As the outstanding expression of what moves our human nature, art touched on this subject from very early on. Through poetry, music, painting, sculpture and architecture our innate awe of death was expressed, revealing our human nature, which is indissolubly linked to it. Thinkers in every period have attempted to provide an explanation of the event and the essence of death, the existence or otherwise of the life hereafter and the meaning of the present life.

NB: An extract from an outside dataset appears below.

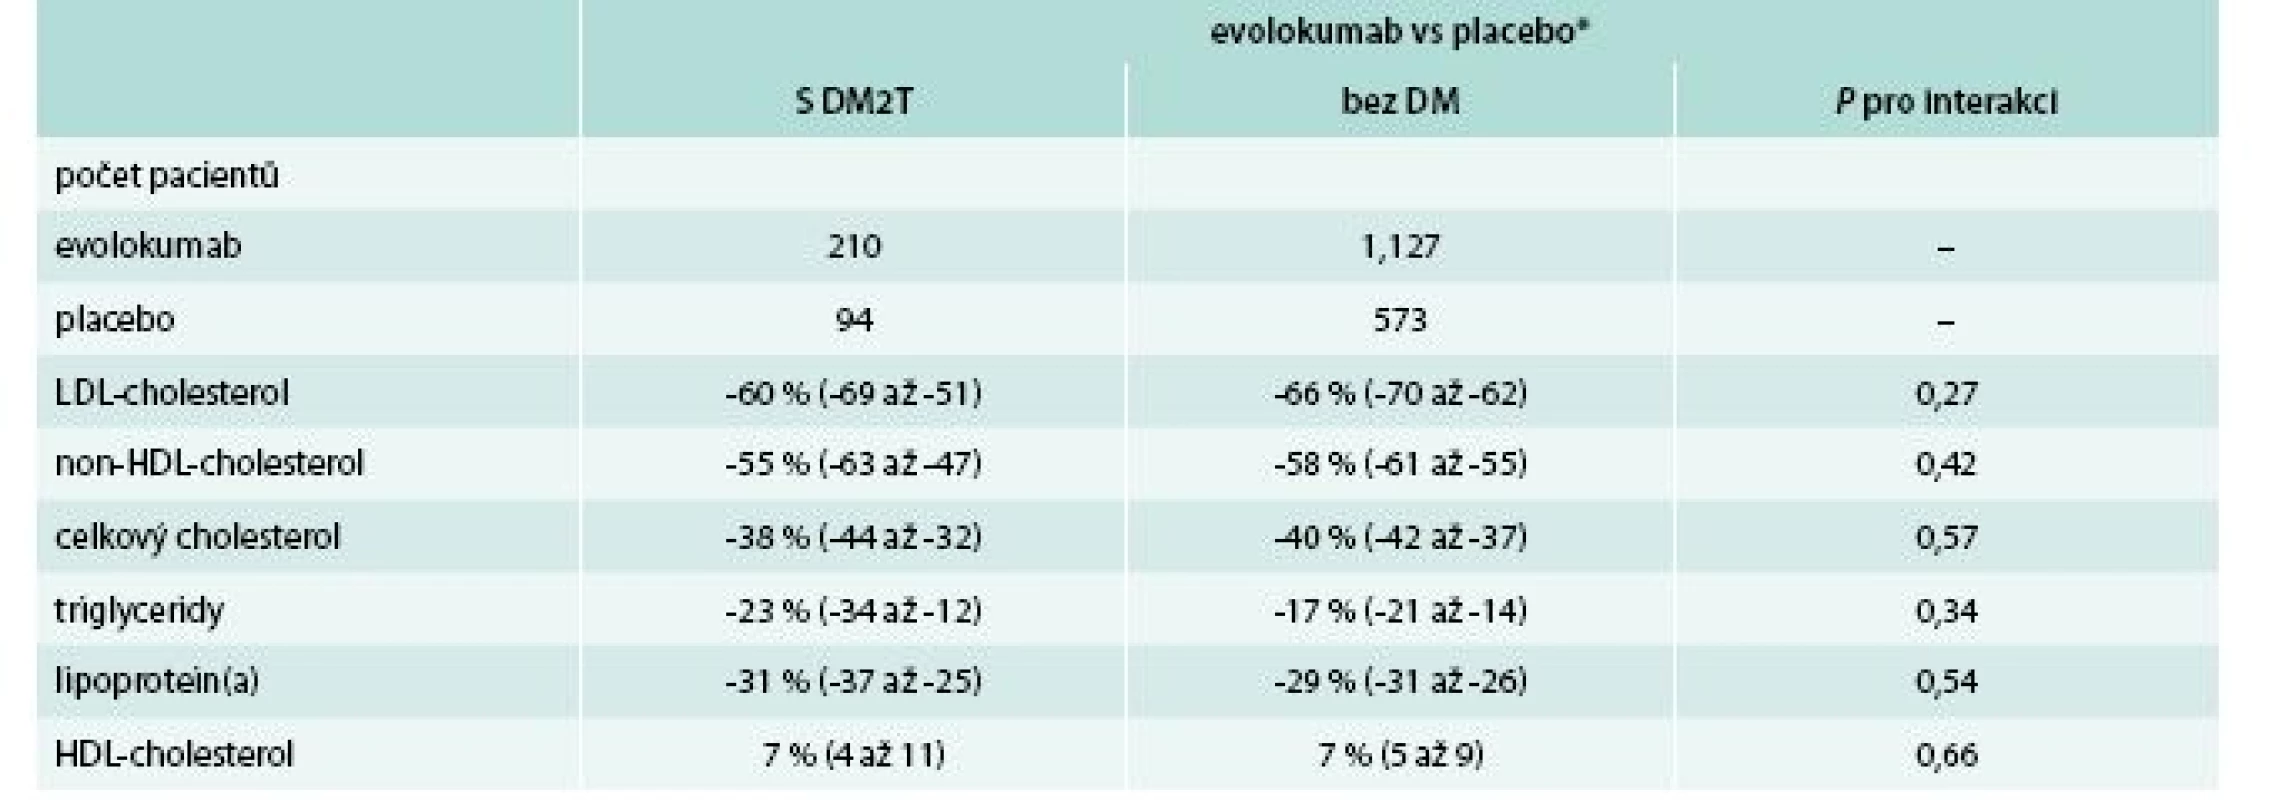 Metaanalýza účinnosti evolokumabu u diabetiků 2. typu evolokumab
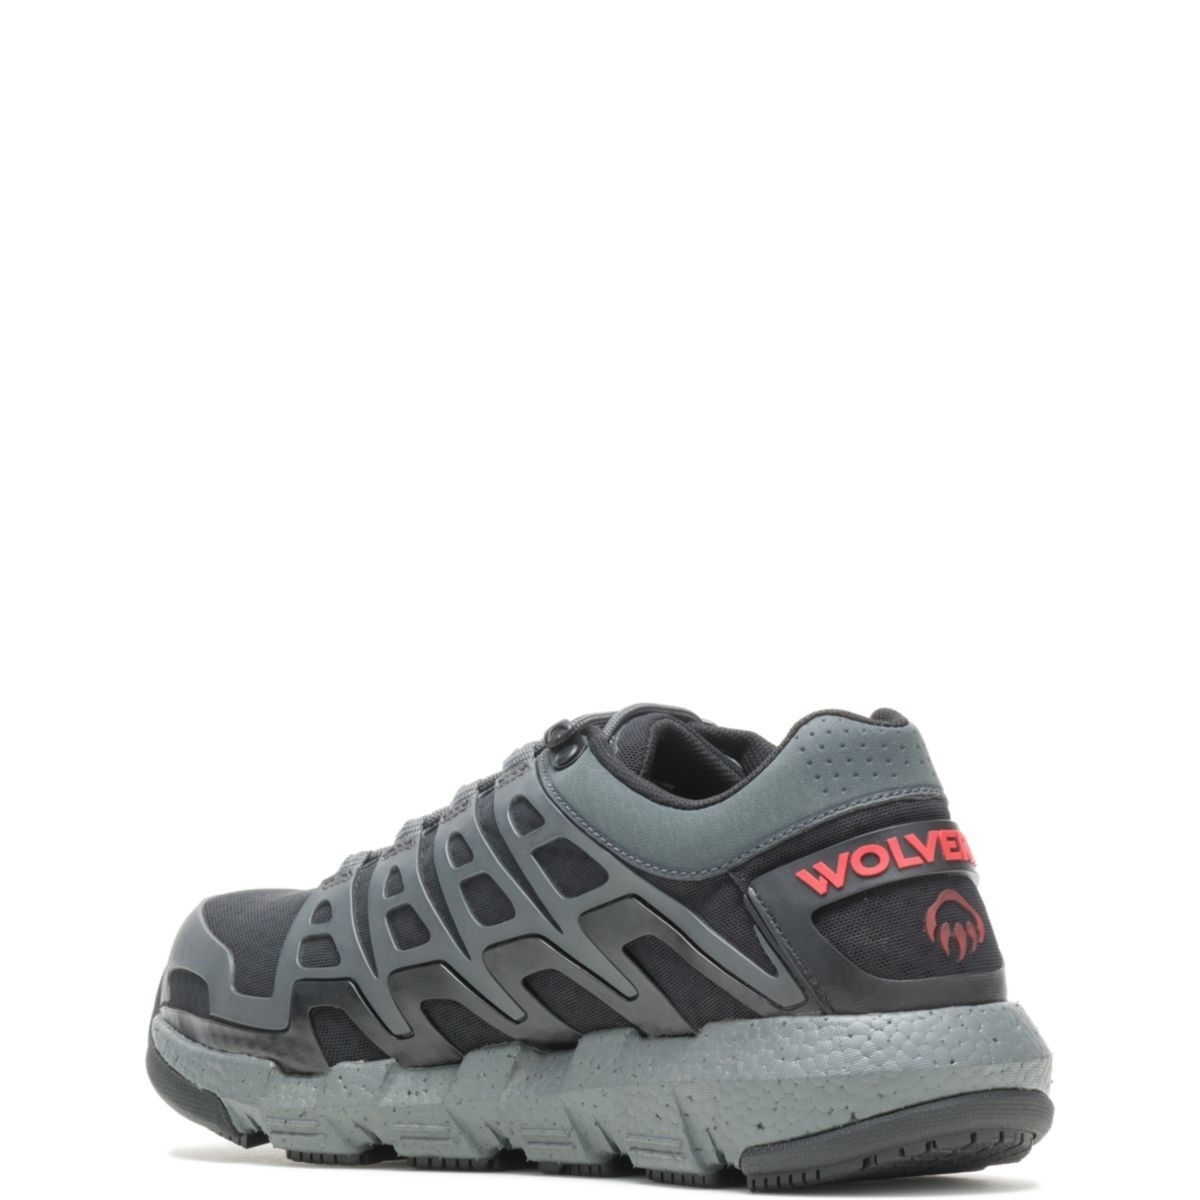 WOLVERINE Men's Rev Vent UltraSpringâ¢ DuraShocksÂ® CarbonMAXÂ® Composite Toe Work Shoe Charcoal - W211016 CHARCOAL - CHARCOAL, 11

%ce%b8%ce%b1%ce%bd%cf%8412If we garner some of the views which have been expressed over successive periods, we can see the labyrinth of human thought and philosophy, the great need and thirst in the human soul to know the truth. This part of our review focuses on the world of antiquity, which set the bounds of philosophy and has been the foundation stone for almost all the later philosophical currents, outside Christianity.

1.1. The early age
The two most important works of early antiquity, the Iliad and the Odyssey, provide important details concerning the doctrines of death and the soul at that time. From the point of view of the Olympian religion, people at the time of Homer called death the twin brother of the imperturbable god of Sleep. Death was therefore considered to be a different form of sleep. From this simile, it’s clear that there was faith in the immortality of the soul, in other words, the belief that people died as regards their material being, but not their spiritual one. Homer (800-724 B.C.) places value only on the present life and calls death an evil which takes away the joy of life. Through death, the soul is separated from the body and is taken to the utter wretchedness of Hades, where it moves around as an immaterial wraith. It also appears that the gods doled out rewards and punishments as they saw fit: rewards to the best of the good and punishments to the worst of the bad. From the 7th or 6th centuries B.C. the Ancient Greek realm began to be influenced by another view of death, the Orphic myth. Its supporters believed in the existence of the soul and its divine origin. They ascribed less value to this life and human existence, however. Their view was that the soul was a ‘divine stranger’ which descended into this sinful world and was imprisoned in the body. For them, death was liberation and a return to the spiritual homeland. After a short stay in the spiritual world, however, it returned, through the process of transmigration, to the bodies of other persons, animals or plants in order to continue to be purified. Similar ideas were propounded by Heraclitus (544-464) B.C. and Pythagoras, who also believed in the reincarnation of the soul.

According to Saint John Chrysostom, Orphism managed to disdain life as a gift of God and people as personalities and His creations who have a sublime purpose. It also disparaged God by believing that the essence of the divine, the soul, could pass into irrational beings. He came to the conclusion that Orphism had nothing healthy to say about death, God or the creation.

Be that as it may, reincarnation is an idea which is prevalent over wide areas, such as in the East, for example, with the ancient philosophies of Hinduism and Buddhism surviving to this day. The fundamental teaching of both of these is that death allows the soul to return to true life. The present life is an illusion and a hindrance to the true one. They cultivate living death, through efforts to mortify the passions and to grow ever closer to nirvana, that is, complete serenity and happiness.